If MCP NOT available (Fallback):
curl -s "https://api.minimax.io/v1/chat/completions" \
-H "Content-Type: application/json" \
-H "Authorization: Bearer $MINIMAX_API_KEY" \
-d '{
"model": "MiniMax-M2.7",
"messages": [
{
"role": "system",
"content": "You are a senior machine learning researcher serving as a reviewer for top-tier conferences like NeurIPS, ICML, and ICLR. Provide rigorous, constructive feedback."
},
{
"role": "user",
"content": "[Round N/MAX_ROUNDS of autonomous review loop]\n\n[Full research context: claims, methods, results, known weaknesses]\n[Changes since last round, if any]\n[For round 2+: Summary of previous review feedback and what was addressed]\n\nPlease act as a senior ML reviewer (NeurIPS/ICML level).\n\n1. Score this work 1-10 for a top venue\n2. List remaining critical weaknesses (ranked by severity)\n3. For each weakness, specify the MINIMUM fix (experiment, analysis, or reframing)\n4. State clearly: is this READY for submission? Yes/No/Almost\n\nBe brutally honest. If the work is ready, say so clearly."
}
],
"max_tokens": 4096
}'
Note: Each round is a standalone API call. For round 2+, include the summary of previous reviews and changes in the prompt itself.
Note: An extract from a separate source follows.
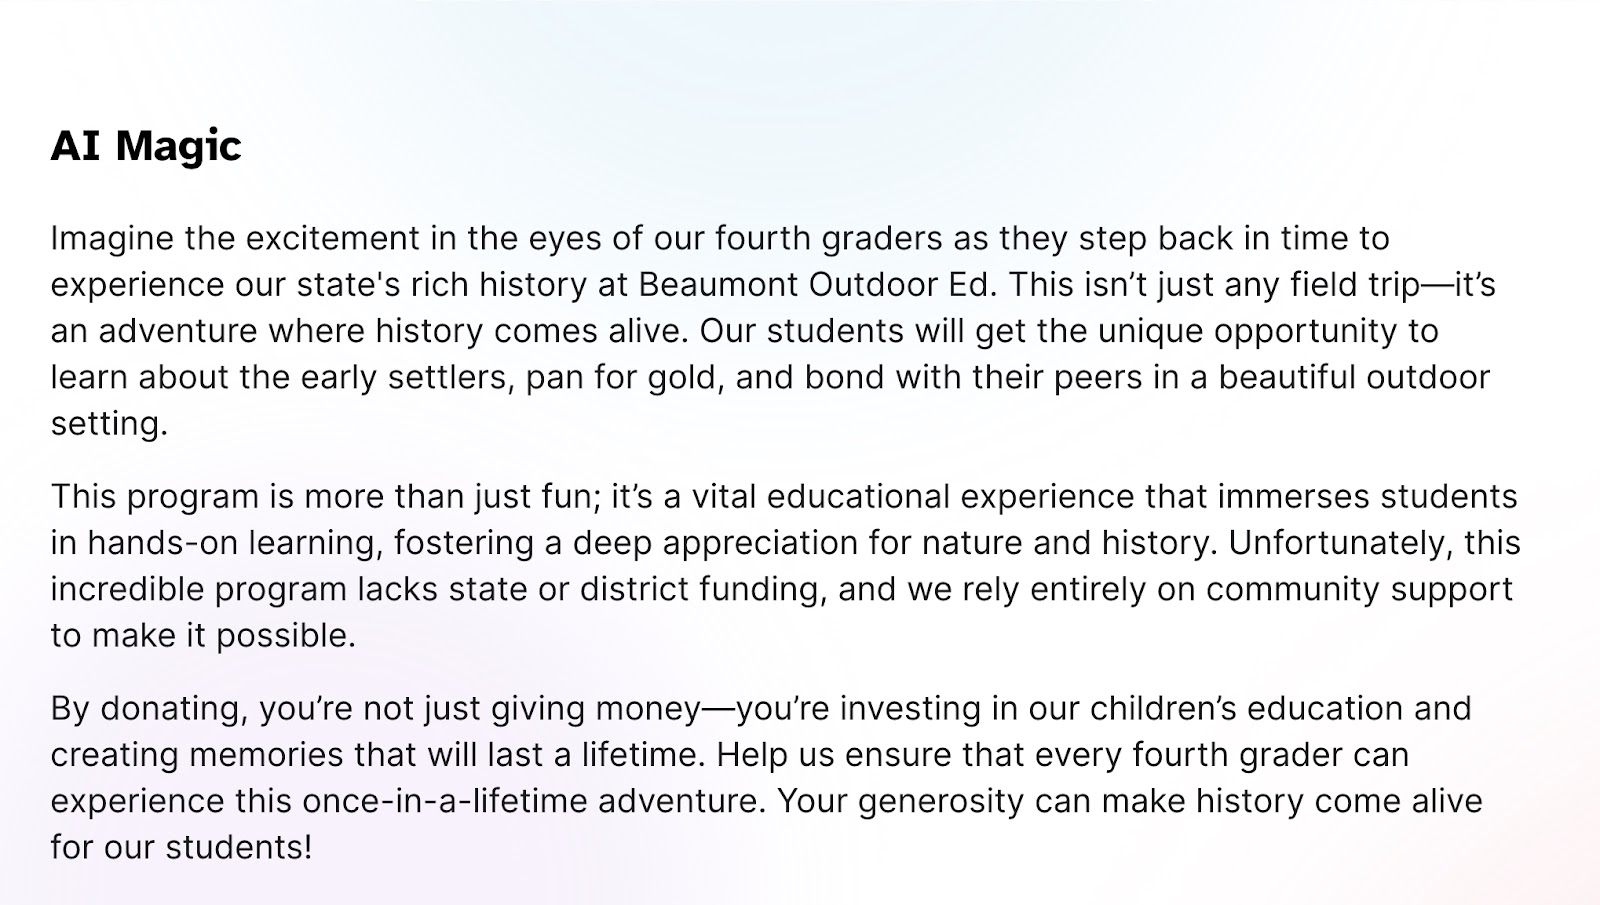 Description for FutureFund school fundraising campaign created with AI Magic tool

Phase B: Parse Assessment¶
CRITICAL: Save the FULL raw response from the external reviewer verbatim (store in a variable for Phase E). Do NOT discard or summarize — the raw text is the primary record.
Then extract structured fields: - Score (numeric 1-10) - Verdict ("ready" / "almost" / "not ready") - Action items (ranked list of fixes)
STOP CONDITION: If score >= 6 AND verdict contains "ready" or "almost" → stop loop, document final state.
Phase C: Implement Fixes (if not stopping)¶
For each action item (highest priority first):
- Code changes: Write/modify experiment scripts, model code, analysis scripts
- Run experiments: Deploy to GPU server via SSH + screen/tmux
- Analysis: Run evaluation, collect results, update figures/tables
- Documentation: Update project notes and review document
Prioritization rules: - Skip fixes requiring excessive compute (flag for manual follow-up) - Skip fixes requiring external data/models not available - Prefer reframing/analysis over new experiments when both address the concern - Always implement metric additions (cheap, high impact)
Phase D: Wait for Results¶
If experiments were launched: - Monitor remote sessions for completion - Collect results from output files and logs
Phase E: Document Round¶
Append to review-stage/AUTO_REVIEW.md:
### Round N (timestamp)
#### Assessment (Summary)
- Score: X/10
- Verdict: [ready/almost/not ready]
- Key criticisms: [bullet list]
#### Reviewer Raw Response
<details>
<summary>Click to expand full reviewer response</summary>
[Paste the COMPLETE raw response from the external reviewer here — verbatim, unedited.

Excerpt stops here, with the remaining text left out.